EXERCISE BRIEF – Write out, exactly and in full, the line where "Pin tillagd av" appears together with all lines that follow it in the entries below. Do not include pictures.

+ + + + + + +

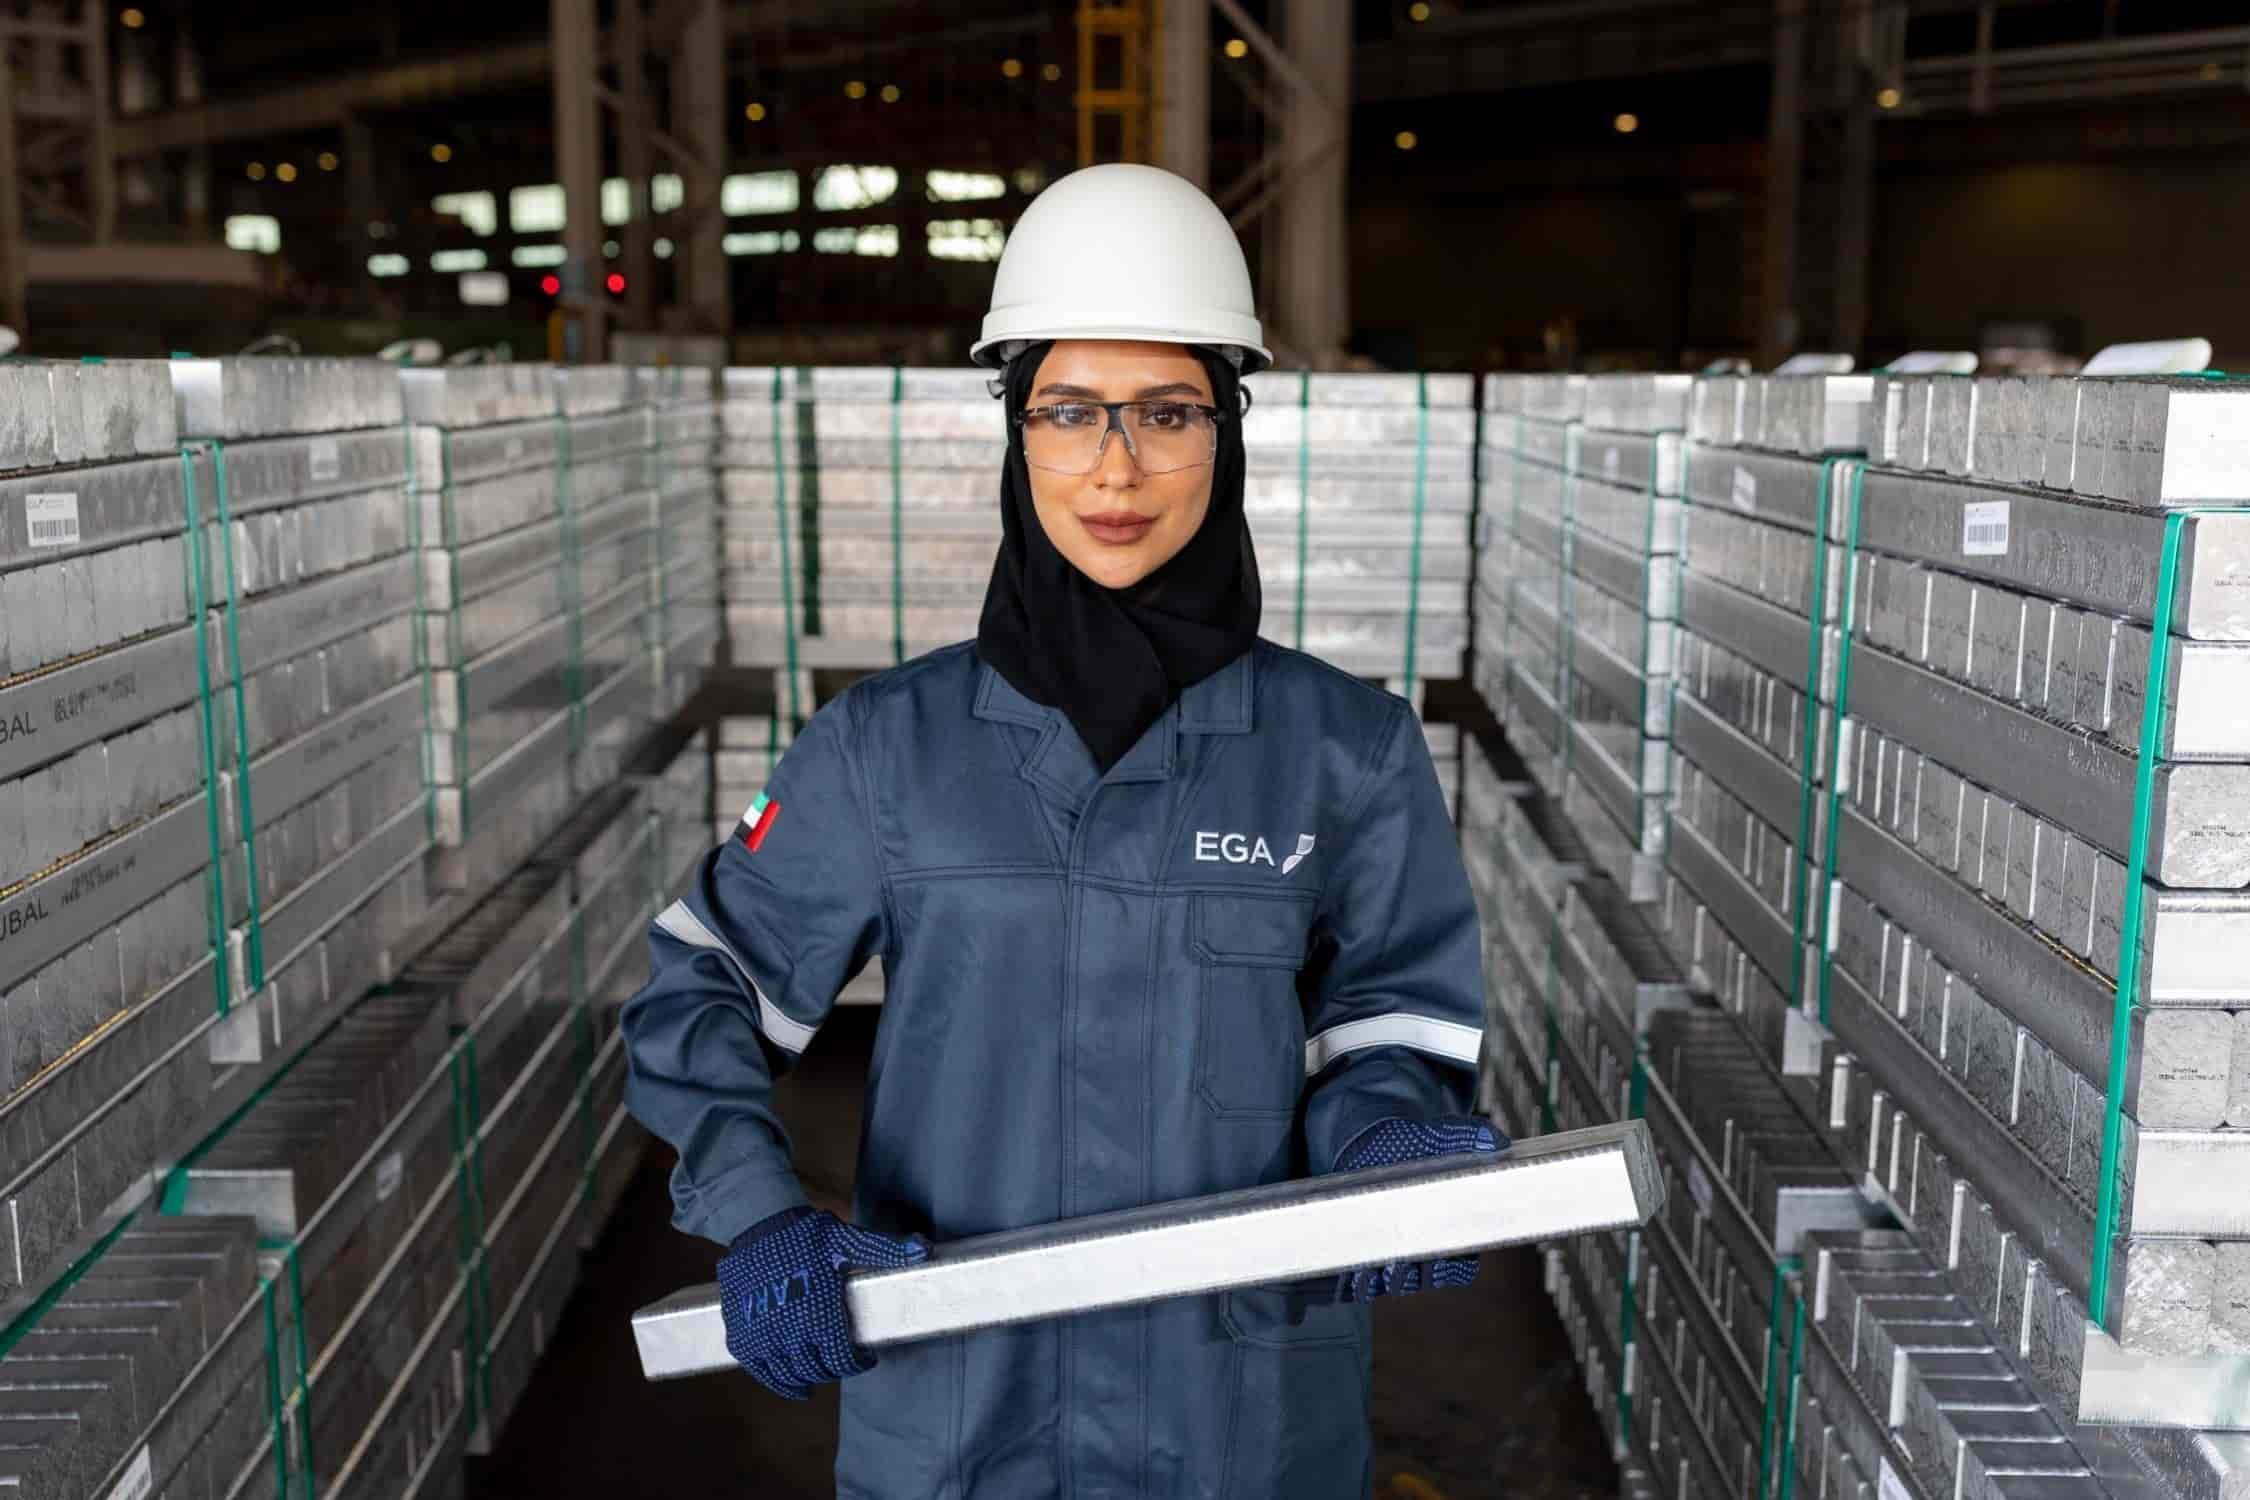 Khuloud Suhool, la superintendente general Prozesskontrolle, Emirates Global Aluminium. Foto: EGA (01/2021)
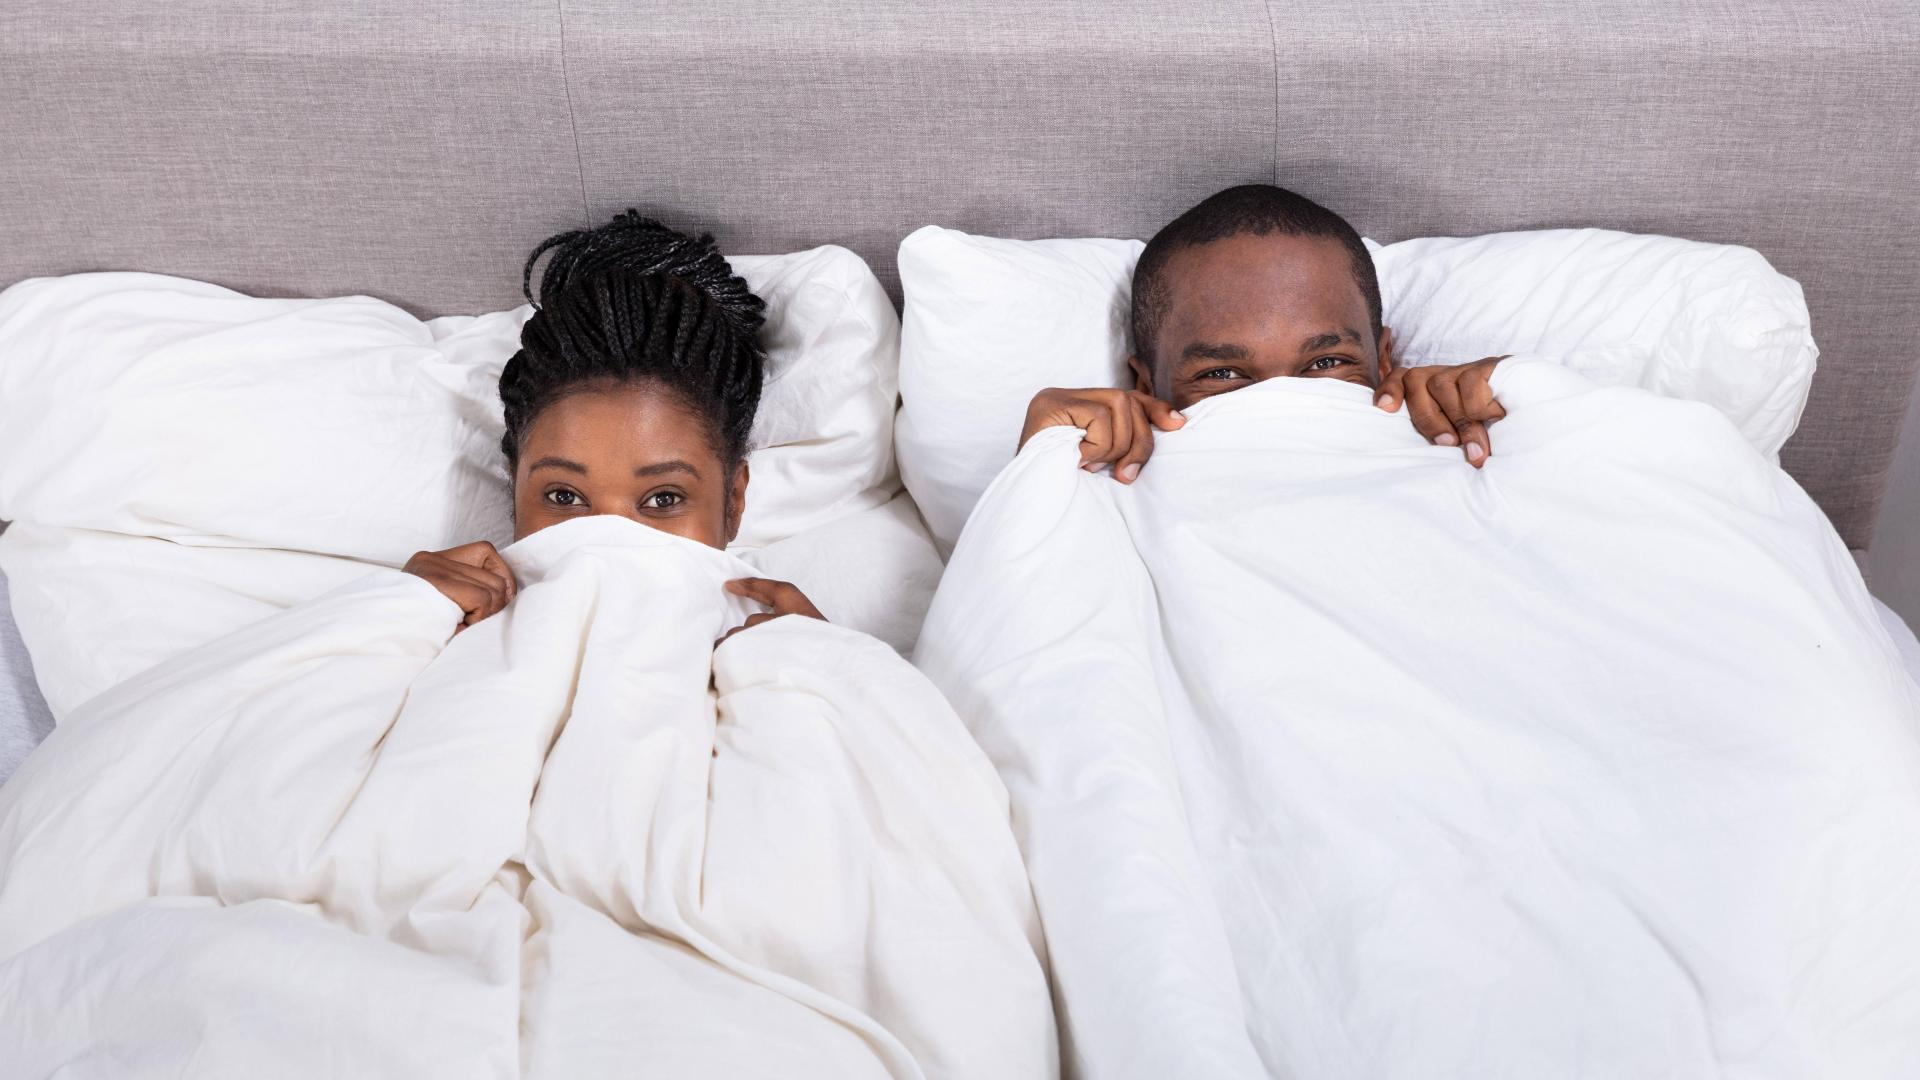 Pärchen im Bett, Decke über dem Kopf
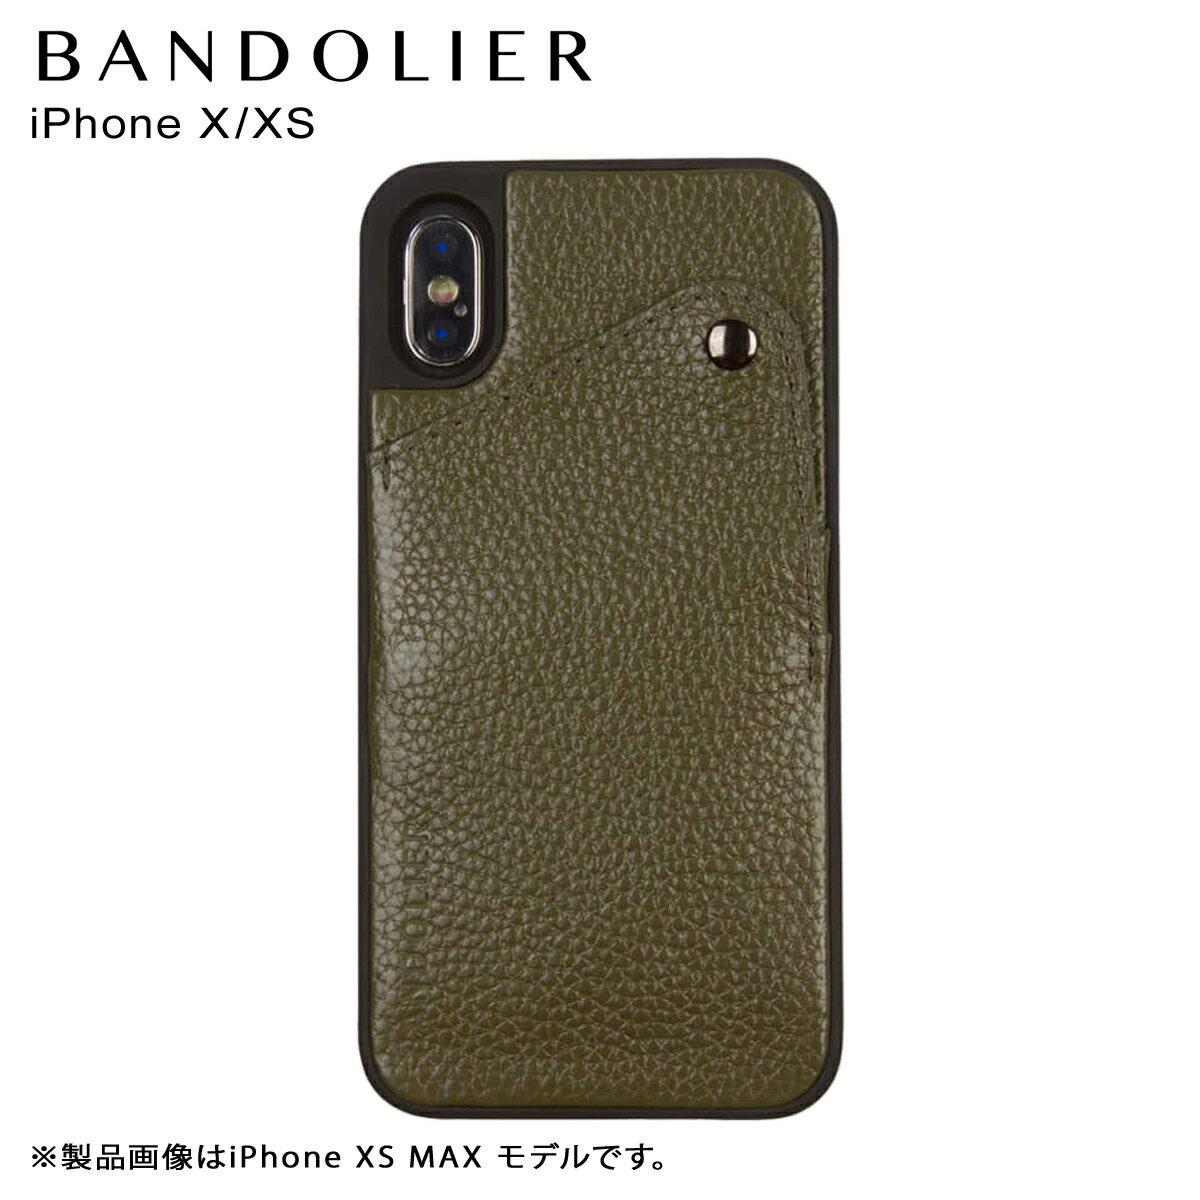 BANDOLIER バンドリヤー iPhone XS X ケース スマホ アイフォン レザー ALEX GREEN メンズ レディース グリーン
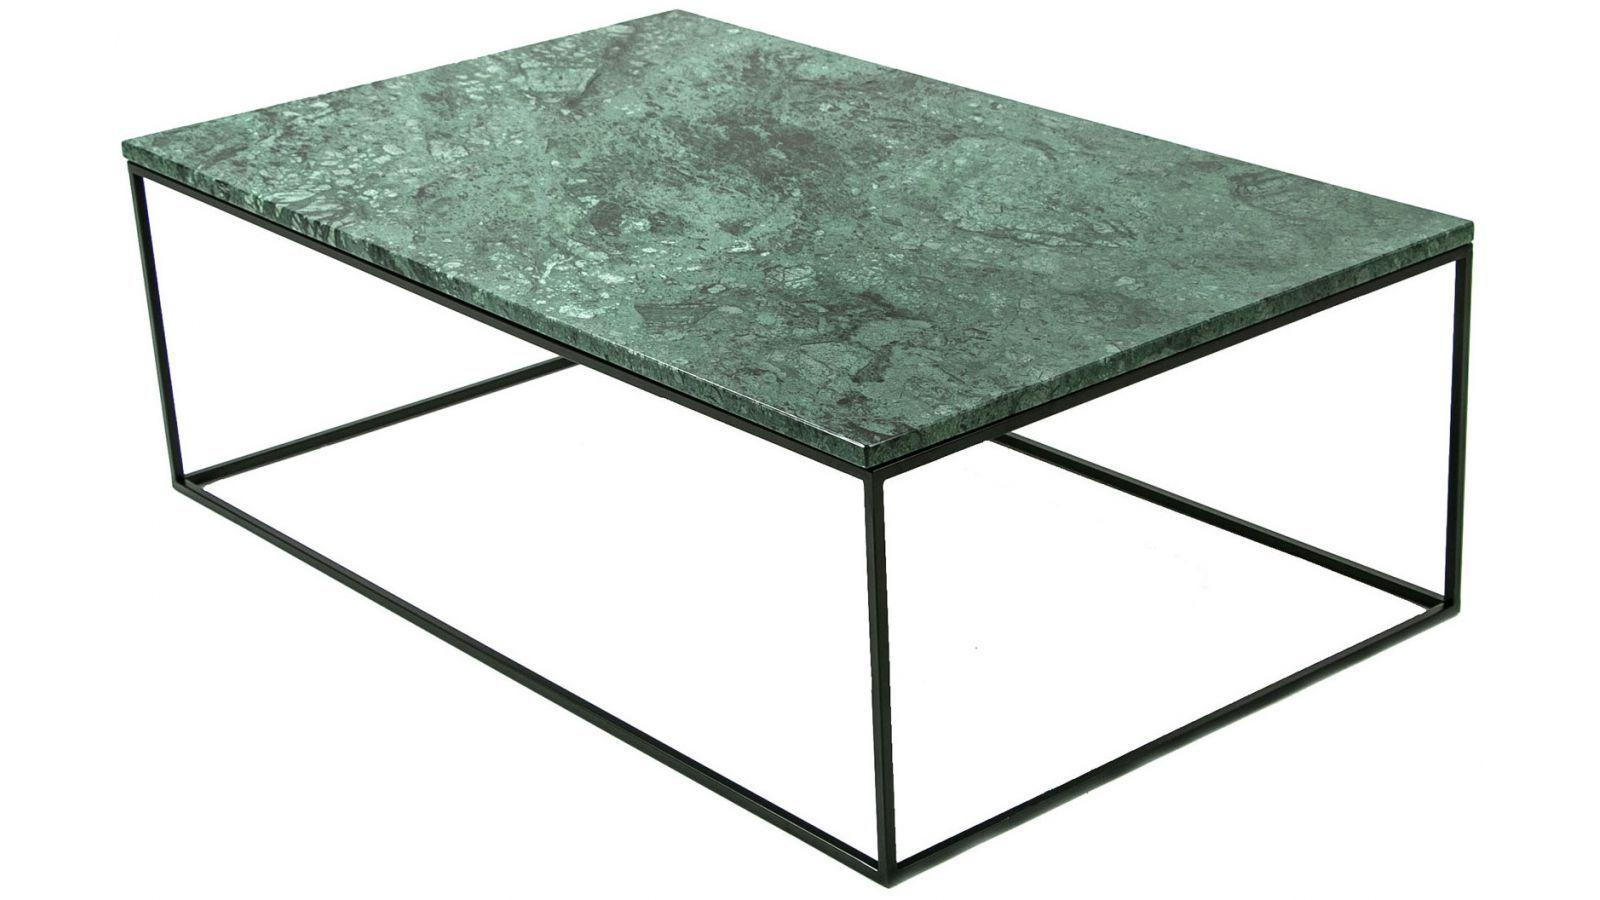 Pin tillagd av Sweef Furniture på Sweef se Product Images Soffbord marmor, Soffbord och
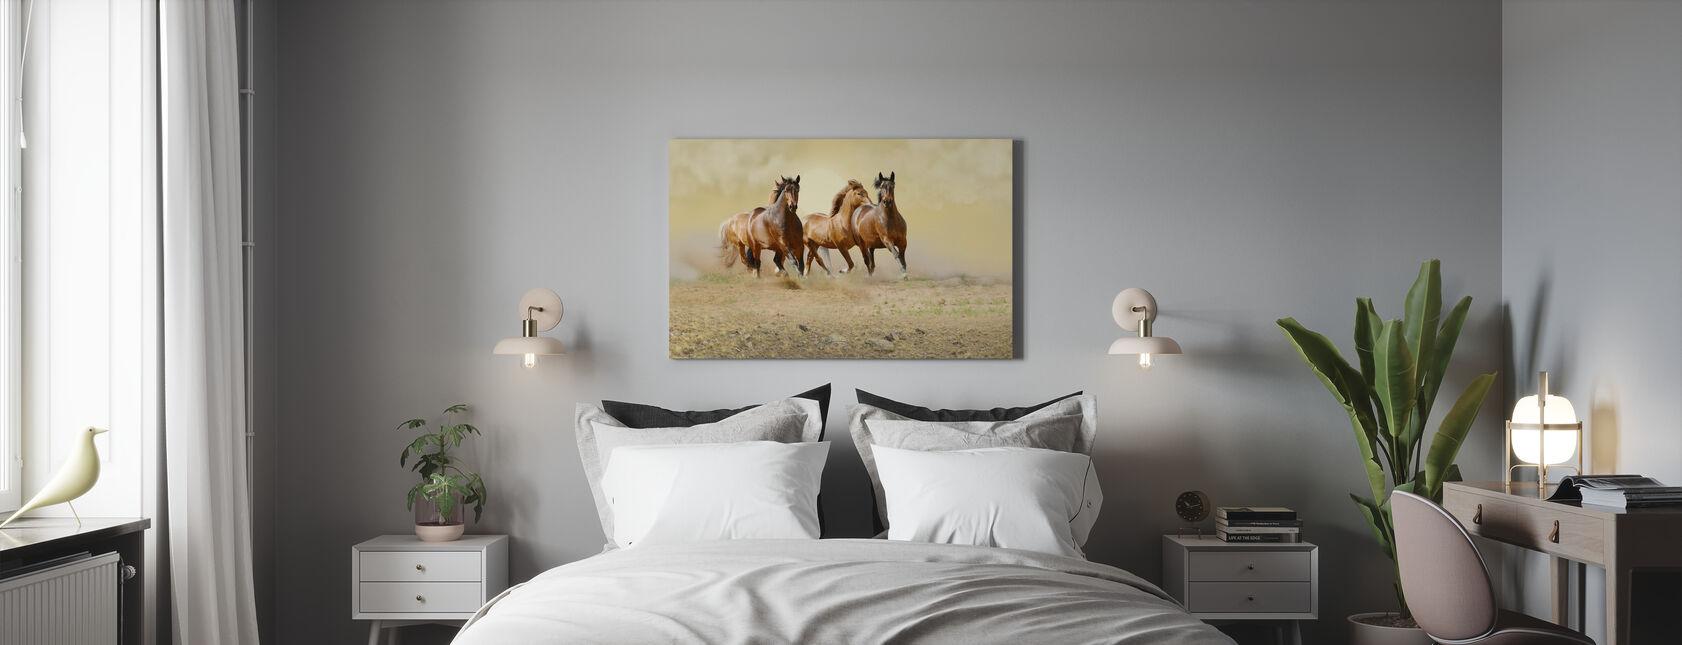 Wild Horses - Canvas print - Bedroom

+ + + + + + +

WRITTEN ANSWER –
 Pin tillagd av Sweef Furniture på Sweef se Product Images Soffbord marmor, Soffbord och
 Wild Horses - Canvas print - Bedroom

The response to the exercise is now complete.